I don't know why that was the goal, but the formulation is mildly
interesting and fairly straightforward, with one wrinkle.
The wrinkle has to do with whether $N$ is odd or even. Suppose that
we sort the components of some solution $\xvec$, resulting in what
is sometimes called the "order statistic": $\xorder 1\le\xorder 2\le\dots\xorder N$.
For odd $N$, the median is $$\xorder{\frac{N+1}{2}}.$$For even $N$,
it is usually defined as $$\left(\xorder{\frac{N}{2}}+\xorder{\frac{N}{2}+1}\right)/2.$$
The odd case is easier, so we'll start there. Introduce $N$ new binary
variables $z_{1},\dots,z_{N}$ and a new continuous variable $y$,
which represents the median $x$ value. The objective will be to minimize
$y$. In addition to the constraint $\xvec\in\xset$, we use "big-M"
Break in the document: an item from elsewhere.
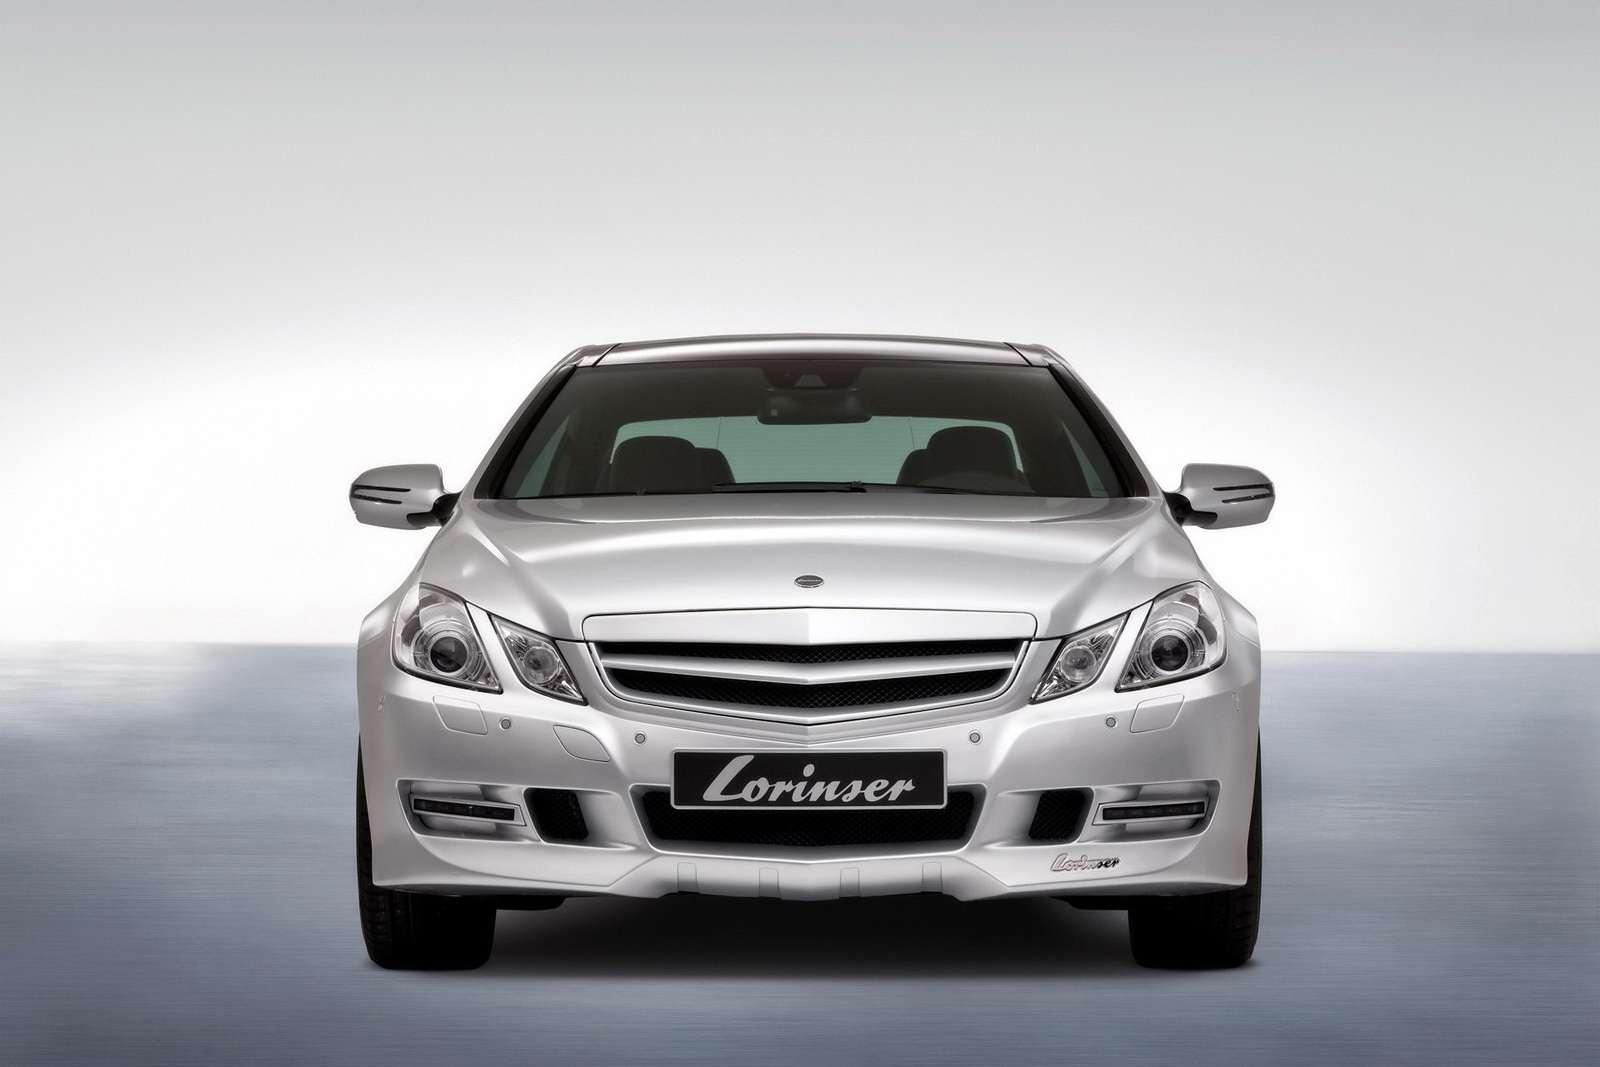 Mercedes E Coupe Lorinser 2010

constraints to force $y$ to be at least as large as half the sample
(rounding "half" up). Those constraints are:
\begin{align*}
y & \ge x_{i}-M_{i}z_{i},\ i=1,\dots,N\\
\sum_{i=1}^{N}z_{i} & =\frac{N-1}{2}
\end{align*}
with the $M_{i}$ sufficiently large positive constants. The last
constraint forces $z_{i}=0$ for exactly $\frac{N+1}{2}$ of the indices
$i$, which in turn forces $y\ge x_{i}$ for $\frac{N+1}{2}$ of the
$x_{i}$. Since the objective minimizes $y$, $z_{i}$ will be 0 for
the $\frac{N+1}{2}$ smallest of the $x_{i}$ and $y$ will be no
larger than the smallest of them. In other words, we are guaranteed
that in the optimal solution $y=\xorder{\frac{N+1}{2}}$, i.e., it
is the median of the optimal $\xvec$.
If $N$ is even and if we are going to use the standard definition
of median, we need twice as many added variables (or at least that's
the formulation that comes to mind). In addition to the $z_{i}$,
let $w_{1},\dots,w_{N}$ also be binary variables, and replace $y$
with a pair of continuous variables $y_{1}$, $y_{2}$. The objective
becomes minimization of their average $(y_{1}+y_{2})/2$ subject to
the constraints
\begin{align*}
y_{1} & \ge x_{i}-M_{i}z_{i}\ \forall i\\
y_{2} & \ge x_{i}-M_{i}w_{i}\ \forall i\\
\sum_{i=1}^{N}z_{i} & =\frac{N}{2}-1\\
\sum_{i=1}^{N}w_{i} & =\frac{N}{2}
\end{align*}
where the $M_{i}$ are as before. The constraints force $y_{1}$ to
be at least as large as $\frac{N}{2}+1$ of the $x_{i}$ and $y_{2}$
to be at least as large as $\frac{N}{2}$ of them. The minimum objective
value will occur when $y_{1}=\xorder{\frac{N}{2}+1}$ and $y_{2}=\xorder{\frac{N}{2}}$.